In a distant galaxy, long ago, a pair of black holes, each about thirty times more massive than our sun, began to orbit one another. Over the next several hundred million years, gravitational waves generated by their motion caused them to spiral together, slowly at first but gathering speed as they came closer and closer, until they were whirling about one another at the same rate as the blades in a kitchen blender. They eventually slammed together at about a third of the speed of light, emitting a last burst of gravitational waves before settling down to the sedate life of an ‘ordinary’ black hole.

Those gravitational waves passed through our solar system on 14 September 2015. They were picked up by the Laser Interferometer Gravitational-Wave Observatory, only days after the new Advanced LIGO detectors had come into operation. Over the following months, more than 900 scientists worked together to study the event. On 11 February, they announced that we have, at last, detected gravitational waves. My colleagues and I have been celebrating ever since.

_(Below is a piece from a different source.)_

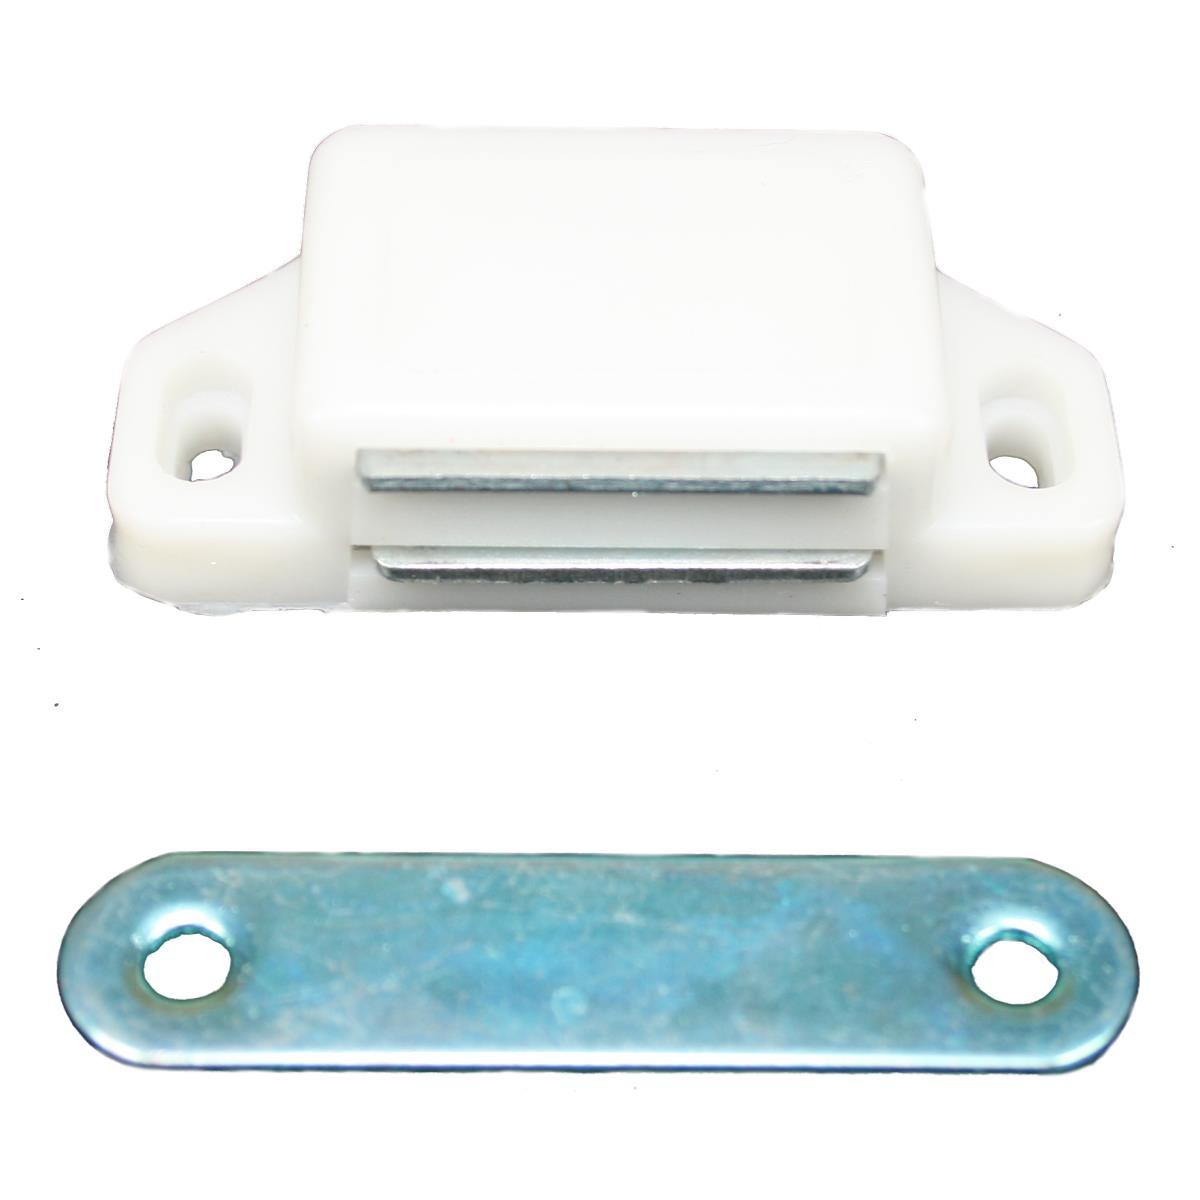 10 Magnetschnäpper Schrank Türmagnet Magnet-Schnapper Möbelmagnet Weiss,Vagner SDH,CL3130, 2000511730135

Einstein first predicted gravitational waves – ripples in gravity produced by rapidly accelerating masses – in 1916. He botched the first analysis. He corrected his mistakes in 1918, but remained confused, vacillating about the nature and even the existence of gravitational waves several times in his life. Indirect evidence for these waves finally came following the discovery in 1974 by Russell Hulse and Joseph Taylor of a binary system containing two neutron stars. Over many decades of observation, these neutron stars have been observed to slowly spiral towards one another at exactly the rate predicted by the laws of gravitational wave emission.

But gravitational waves were not directly detected until this month. The discovery event has been described as a ‘chirp’. ‘Hearing’ this signal is somewhat metaphorical. Sound is a pressure wave that propagates through a material medium like air or water. Gravitational waves are ripples of gravity propagating through space and time. The oscillation frequencies of the waves that LIGO measures correspond precisely to the range of pitch to which the human ear is sensitive. Although we did not directly hear the collision of two black holes, it is fair to say that LIGO converted the gravitational signal into an audio one, much as a radio converts electromagnetic signals into audio.

Astronomy has largely been a science of images: we point telescopes at objects in the sky and study the images we find. Astronomy with gravitational waves is a different endeavour. We cannot use gravitational waves to make an image of the source that produces them. Instead, the theory of general relativity tells us how the dynamics of a gravitational-wave source is imprinted on the waves that we measure. General relativity tells us how the pitch and strength of the waves change as their source wiggles here and wobbles there. It tells us how the properties of the two black holes – their masses, their spins, the shape of their orbits – influences the waves that come out.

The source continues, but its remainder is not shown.